Journal of the Formosan Medical Association (Apr 2015)
Chemokine MCP1/CCL2 and RANTES/CCL5 gene polymorphisms influence Henoch–Schönlein purpura susceptibility and severity
Abstract
Henoch–Schönlein purpura (HSP) is the most common small vessel vasculitis in children. It is considered to be an IgA-containing immune complex-mediated disease. Chemokines are small secreted proteins that attract leukocytes during inflammation. Our aim was to determine the serum levels of chemokines and investigate the association of chemokine gene polymorphisms with childhood HSP. Methods: Serum levels of chemokines (interleukin-8/CXCL8, MCP-1/CCL2, RANTES/CCL5, MIG/CXCL9, and IP-10/CXCL10) were determined using cytometric beads arrays.
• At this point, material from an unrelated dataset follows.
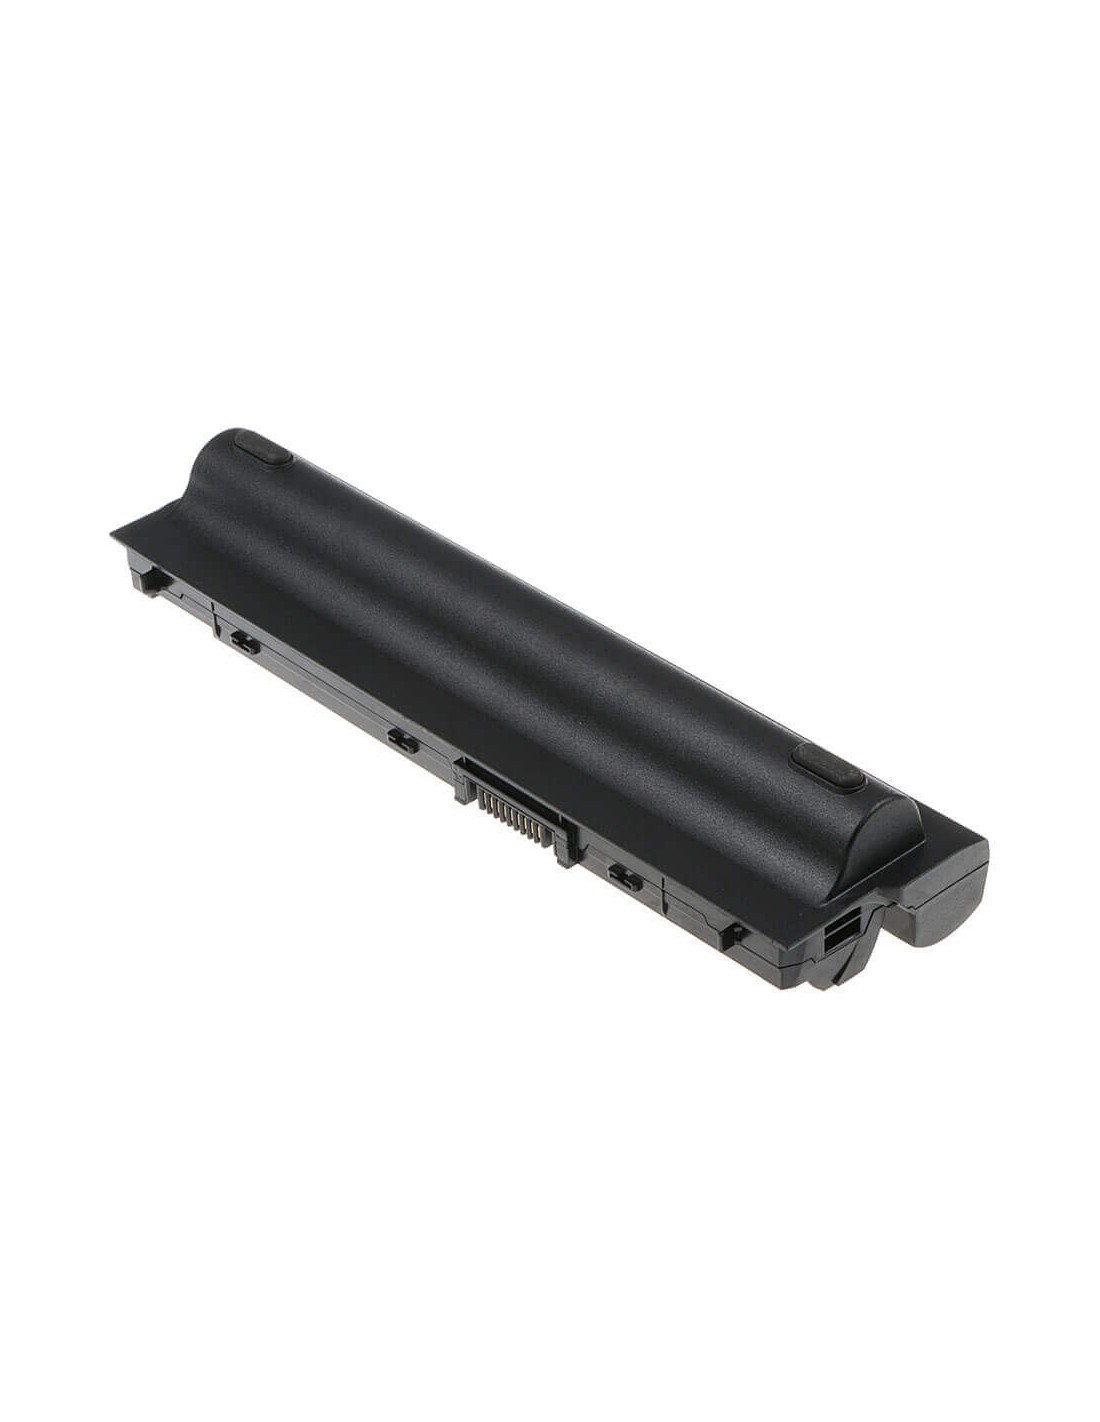 Black Battery for Dell Latitude E6120, Latitude E6220, Latitude E6230 11.1V, 6600mAh - 73.26Wh

We investigated the association of three single-nucleotide polymorphisms (SNPs) MCP1/CCL2 −2518C/T, RANTES/CCL5 −403C/T, and RANTES/CCL5 −28C/G with HSP in 85 HSP patients and 136 healthy controls. Results: Five serum chemokine levels were significantly elevated in patients with the acute stage of HSP compared to the normal controls (p < 0.05). MCP1/CCL2 −2518 TT genotype and T allele were associated with the risk for HSP with OR (95% CI) 3.32 (1.45–7.59) and 1.78 (1.20–2.64), respectively. The RANTES/CCL5 −28 GG genotype was associated with a significantly lower percentage of corticosteroid usage and lower corticosteroid accumulative dose in HSP patients. RANTES/CCL5 −403 TC and TT genotype were significantly associated with renal manifestations with an OR (95% CI) of 4.33 (1.44–12.99), adjusted for sex and age and the other two SNP genotypes. Conclusion: Our results support the fact that chemokines play important roles in the pathogenesis of HSP. MCP1/CCL2 gene polymorphisms were associated with susceptibility for HSP. RANTES/CCL5 gene polymorphisms may be related to disease severity and HSP nephritis.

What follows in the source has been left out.